EXERCISE DATA =

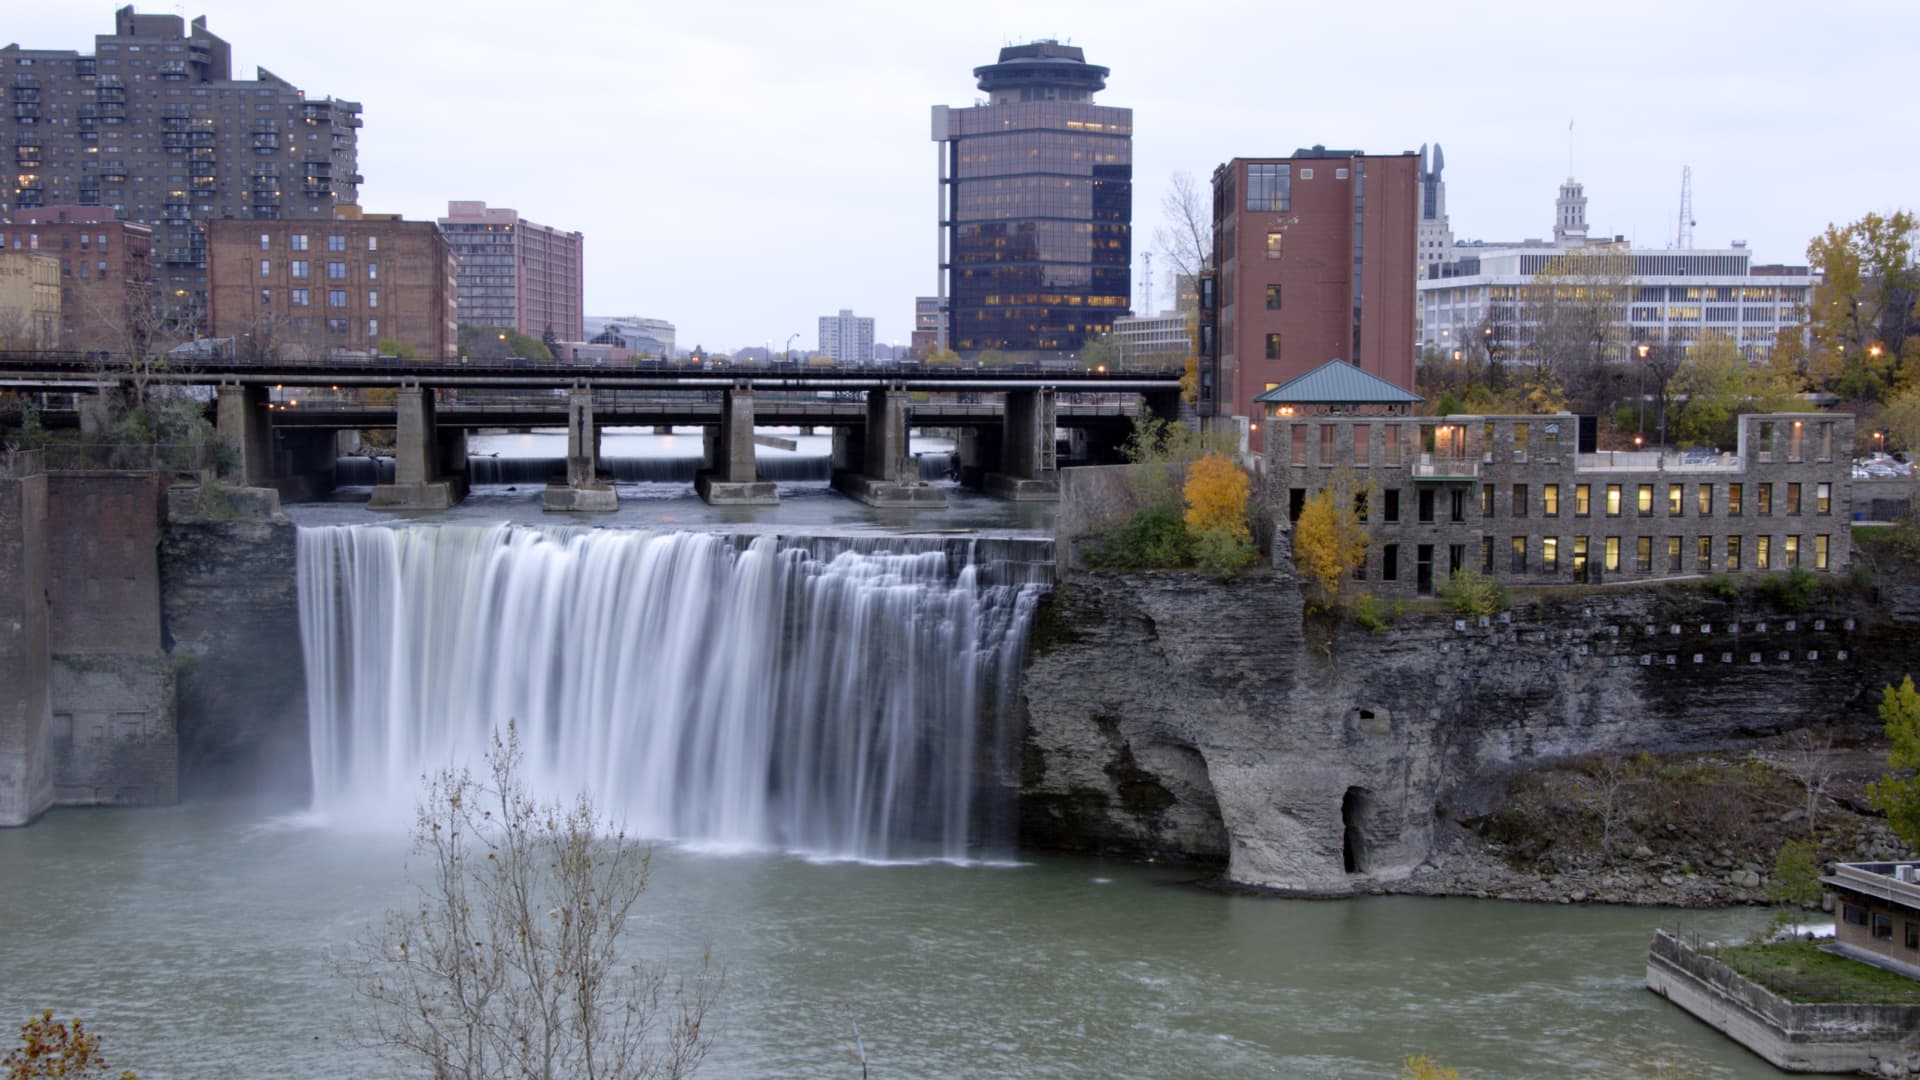 Rochester, New York has the second fastest-selling housing market, according to Creditnews Research.
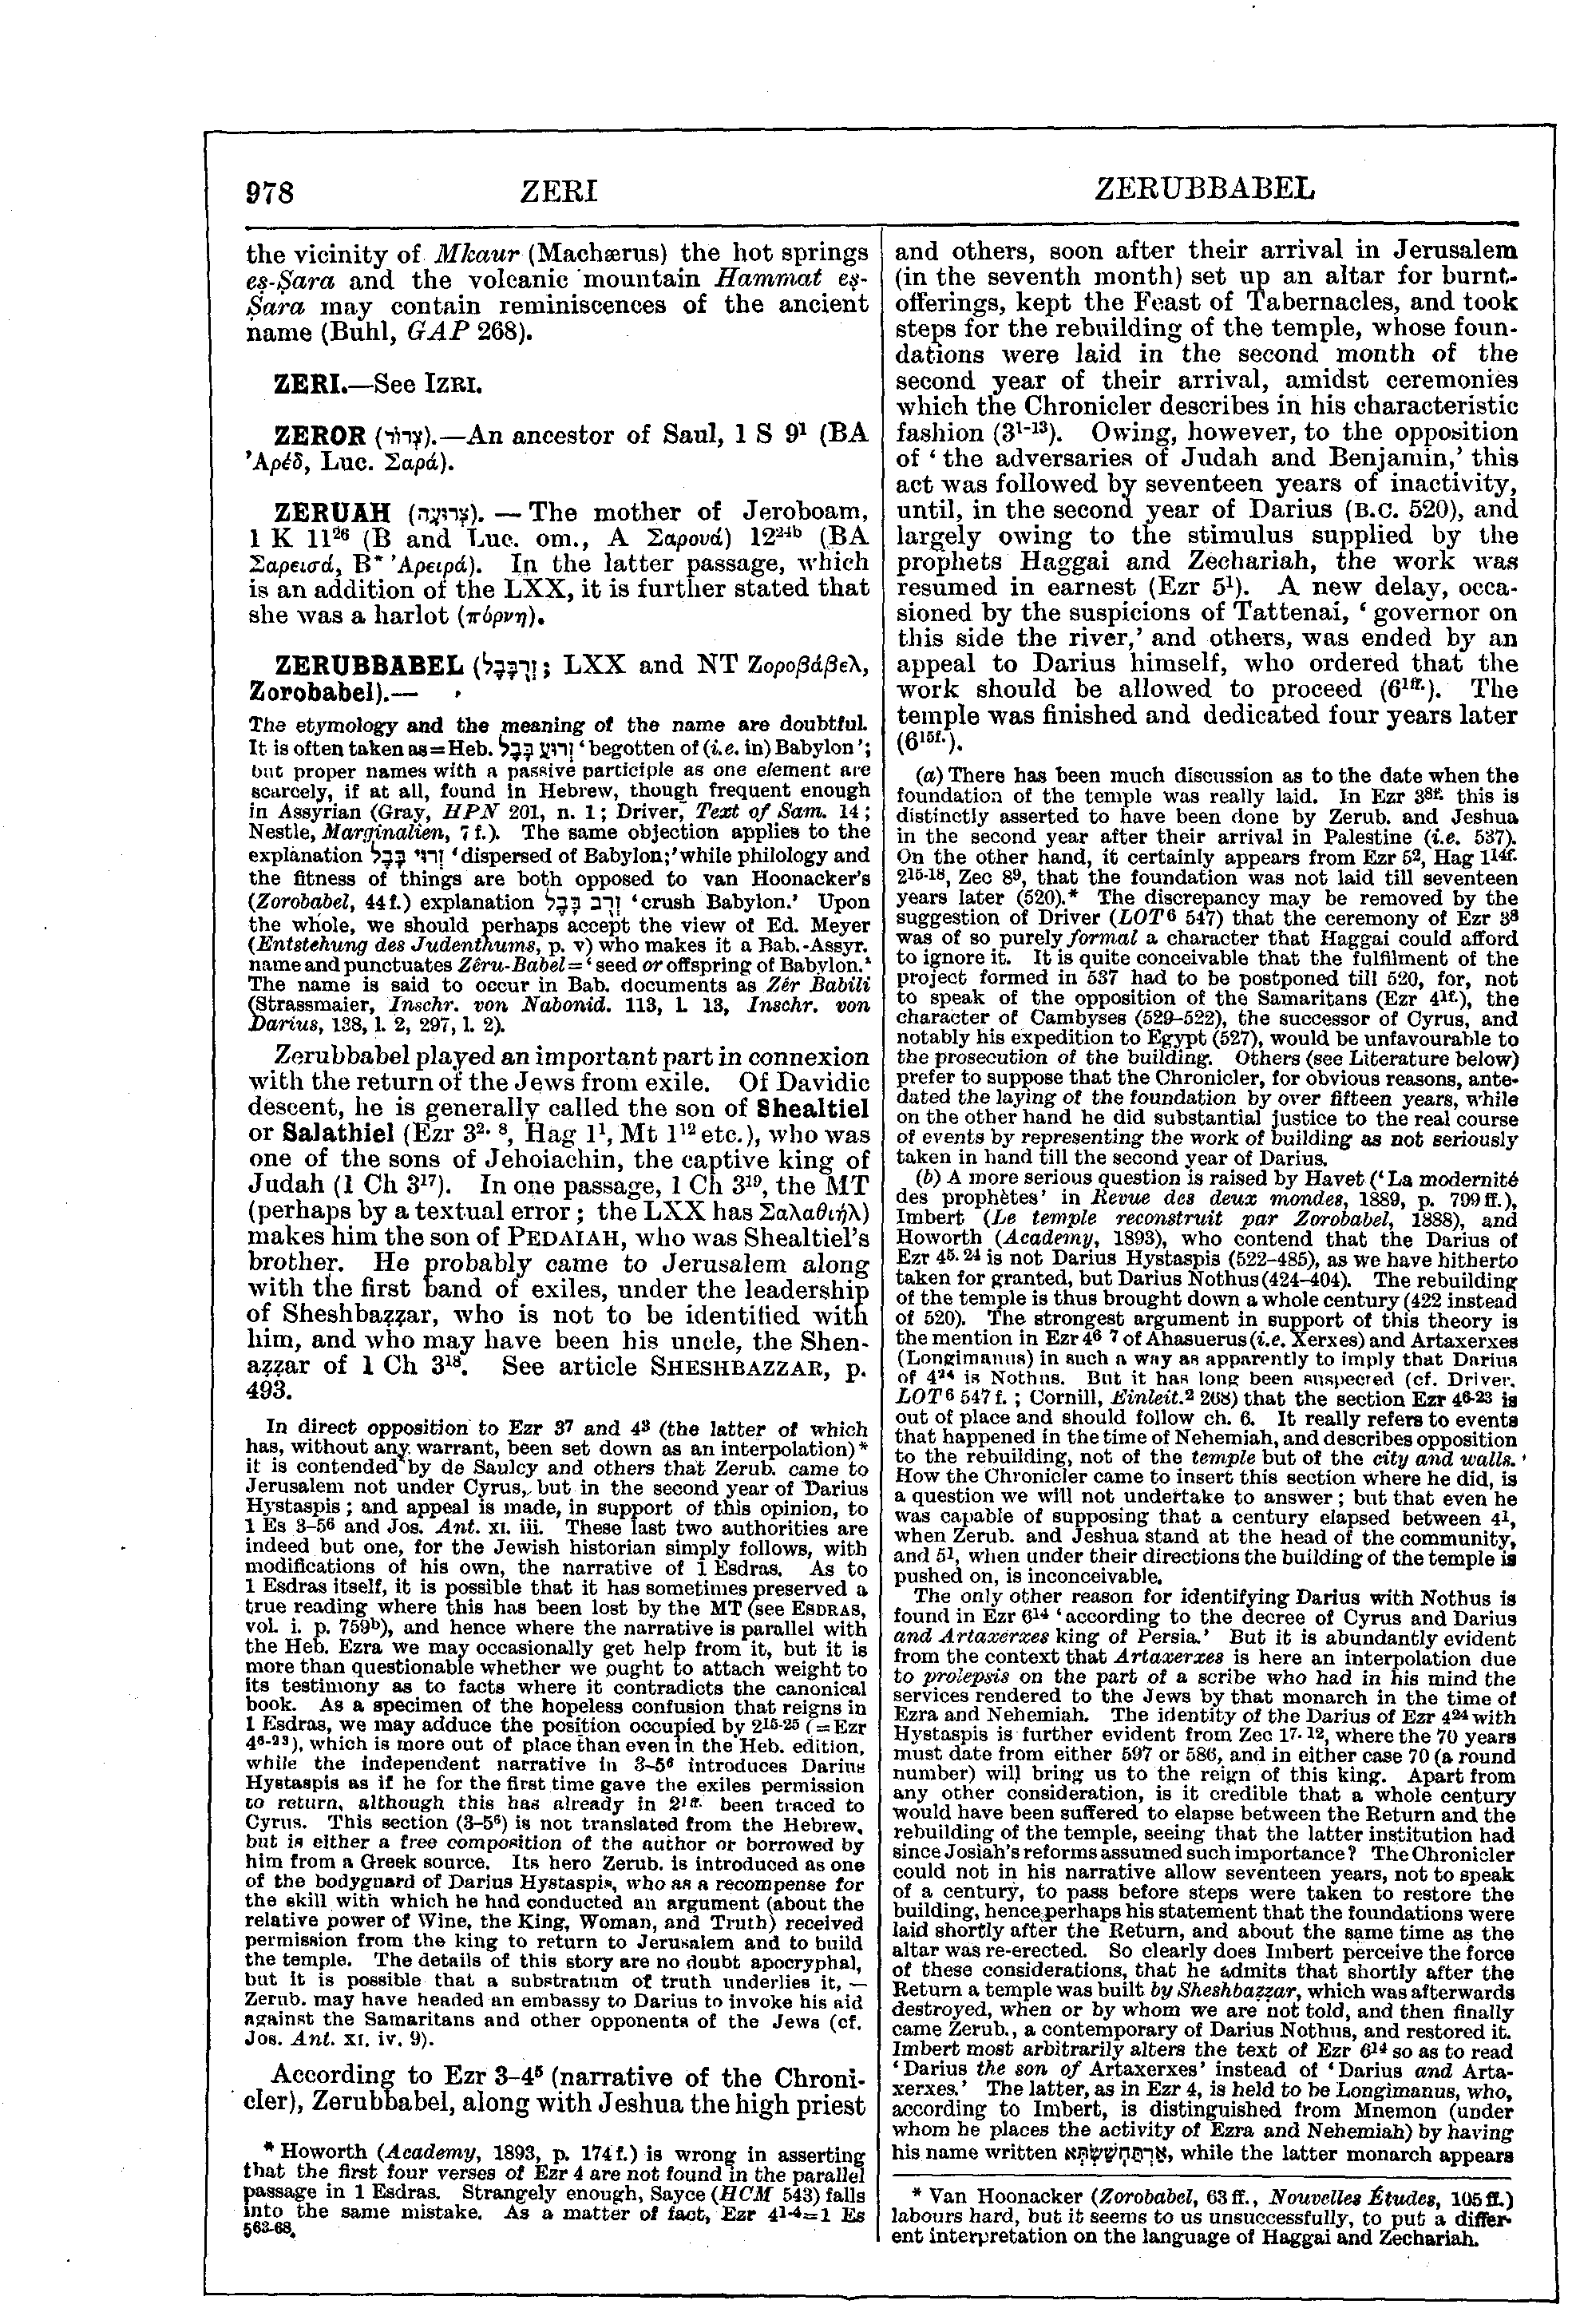 Image of page 978
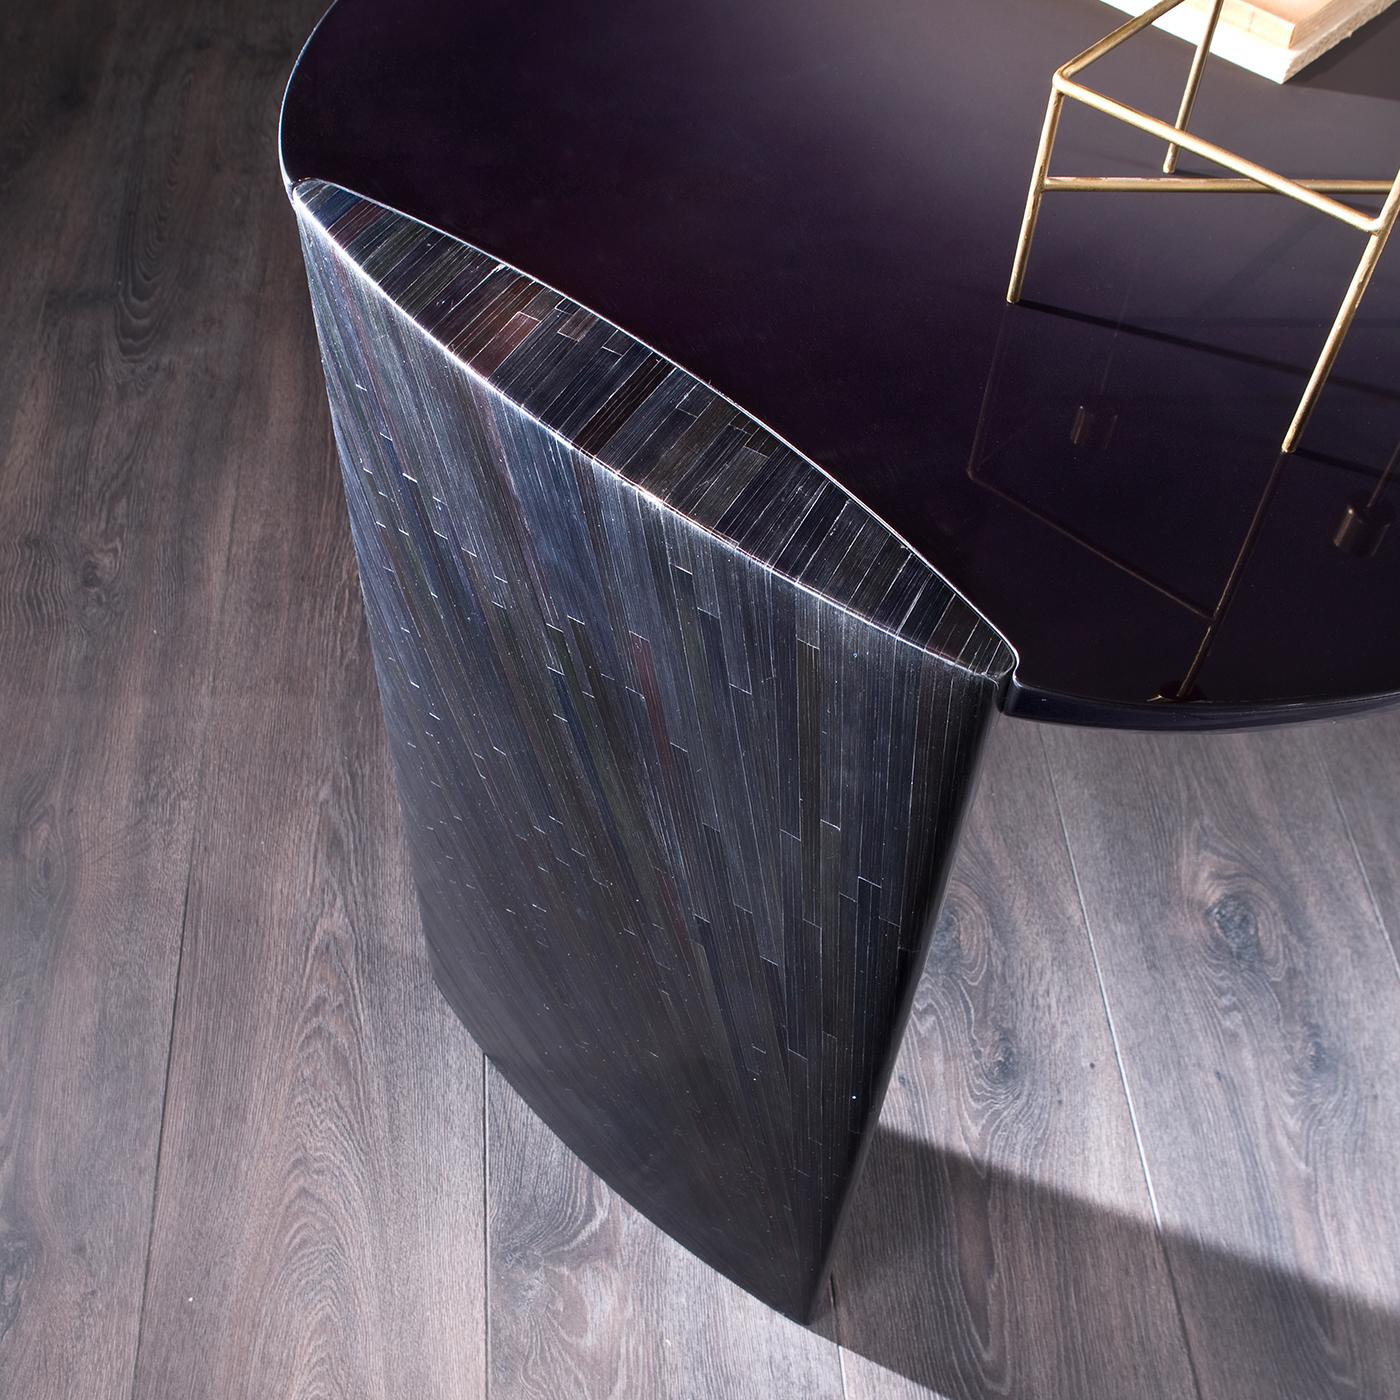 Minimal and luxurious, this round desk is the ideal decor for a modern home. Fashioned of wood with a glossy shaded lacquer, the silhouette's delicate curves of the irregular top boast a glossy shaded lacquer that strikingly contrasts with the

PROBLEM =
Transcribe, please, the lines from the one holding "Image of page 978" to the final line of the material, both included, exactly and with no extra lines, and skip the pictures.

RESULT FOR THIS EXERCISE =
 Image of page 978
 Minimal and luxurious, this round desk is the ideal decor for a modern home. Fashioned of wood with a glossy shaded lacquer, the silhouette's delicate curves of the irregular top boast a glossy shaded lacquer that strikingly contrasts with the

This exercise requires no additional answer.